■ Instructions for the task: In the material below, find the line that contains "Resultado de imagem para aladdin logo" and the line that contains "#筋トレライブラリー #ディーズブログ #UUUM", then write out exactly those two lines and everything between them.

■ Extracted material:
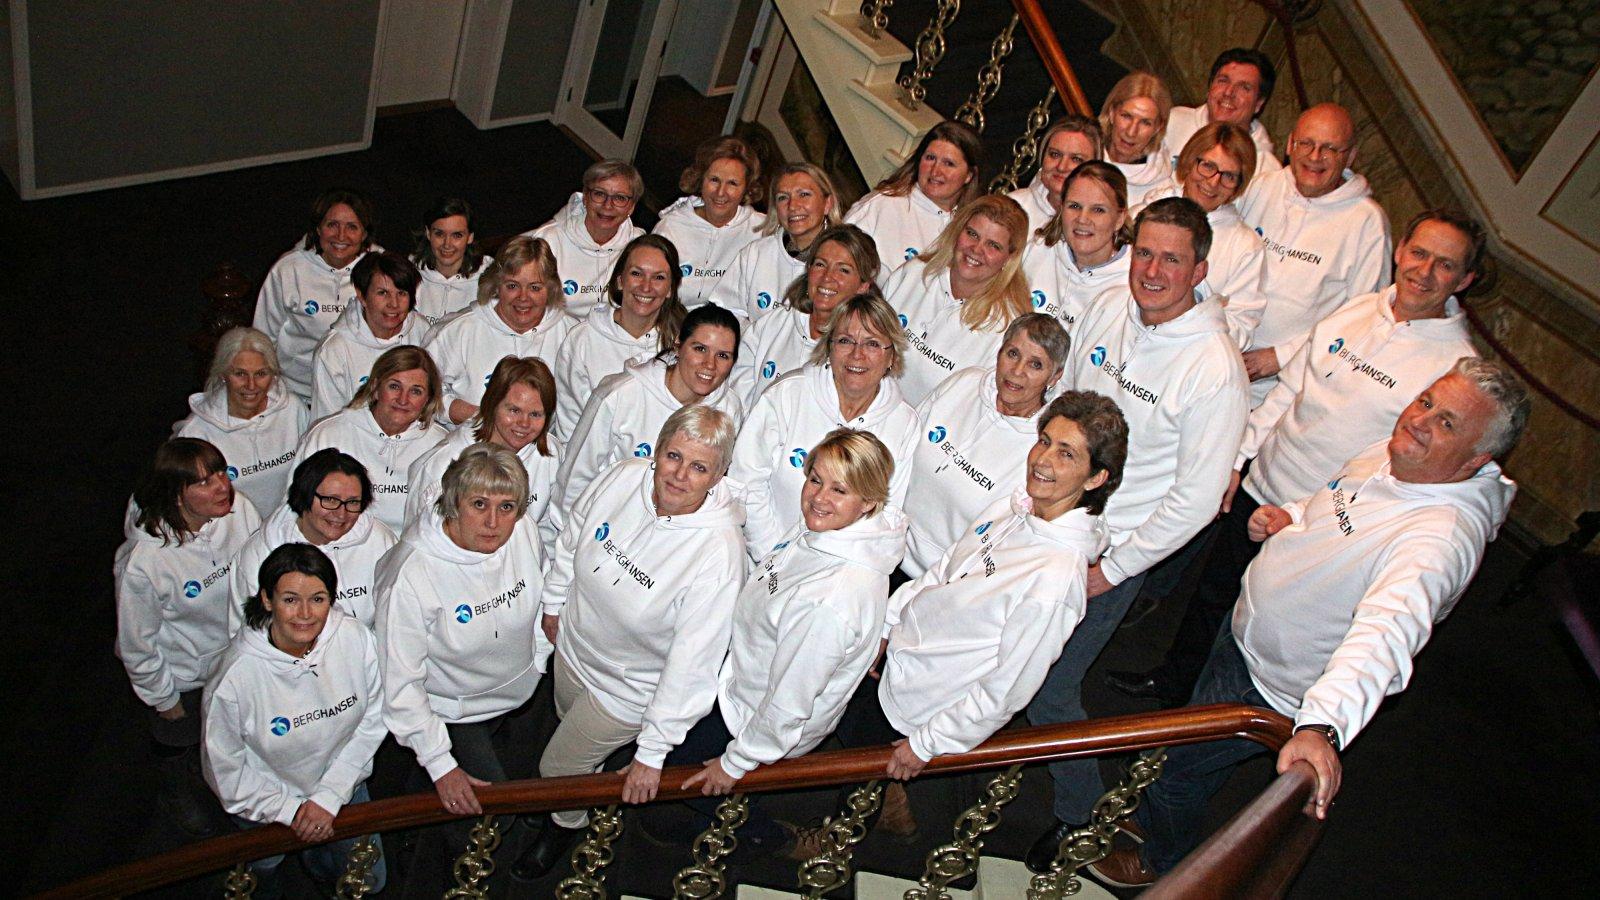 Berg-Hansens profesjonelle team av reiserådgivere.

---

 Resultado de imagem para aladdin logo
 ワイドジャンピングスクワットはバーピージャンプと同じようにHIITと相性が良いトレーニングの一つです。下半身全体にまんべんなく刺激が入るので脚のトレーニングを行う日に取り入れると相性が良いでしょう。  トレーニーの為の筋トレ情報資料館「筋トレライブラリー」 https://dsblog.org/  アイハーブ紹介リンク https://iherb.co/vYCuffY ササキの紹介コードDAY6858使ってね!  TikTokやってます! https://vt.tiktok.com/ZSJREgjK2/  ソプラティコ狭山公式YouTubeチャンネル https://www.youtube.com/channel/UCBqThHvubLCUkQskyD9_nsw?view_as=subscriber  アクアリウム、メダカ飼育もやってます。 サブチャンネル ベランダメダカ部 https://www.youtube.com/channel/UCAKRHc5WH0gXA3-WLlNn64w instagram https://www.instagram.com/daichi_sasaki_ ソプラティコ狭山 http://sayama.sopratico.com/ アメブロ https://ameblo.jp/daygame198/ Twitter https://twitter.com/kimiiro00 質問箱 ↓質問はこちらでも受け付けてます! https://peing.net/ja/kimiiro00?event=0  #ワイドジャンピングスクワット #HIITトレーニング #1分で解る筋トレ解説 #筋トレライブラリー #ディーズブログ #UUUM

■ Solution for this task:
 Resultado de imagem para aladdin logo
 ワイドジャンピングスクワットはバーピージャンプと同じようにHIITと相性が良いトレーニングの一つです。下半身全体にまんべんなく刺激が入るので脚のトレーニングを行う日に取り入れると相性が良いでしょう。  トレーニーの為の筋トレ情報資料館「筋トレライブラリー」 https://dsblog.org/  アイハーブ紹介リンク https://iherb.co/vYCuffY ササキの紹介コードDAY6858使ってね!  TikTokやってます! https://vt.tiktok.com/ZSJREgjK2/  ソプラティコ狭山公式YouTubeチャンネル https://www.youtube.com/channel/UCBqThHvubLCUkQskyD9_nsw?view_as=subscriber  アクアリウム、メダカ飼育もやってます。 サブチャンネル ベランダメダカ部 https://www.youtube.com/channel/UCAKRHc5WH0gXA3-WLlNn64w instagram https://www.instagram.com/daichi_sasaki_ ソプラティコ狭山 http://sayama.sopratico.com/ アメブロ https://ameblo.jp/daygame198/ Twitter https://twitter.com/kimiiro00 質問箱 ↓質問はこちらでも受け付けてます! https://peing.net/ja/kimiiro00?event=0  #ワイドジャンピングスクワット #HIITトレーニング #1分で解る筋トレ解説 #筋トレライブラリー #ディーズブログ #UUUM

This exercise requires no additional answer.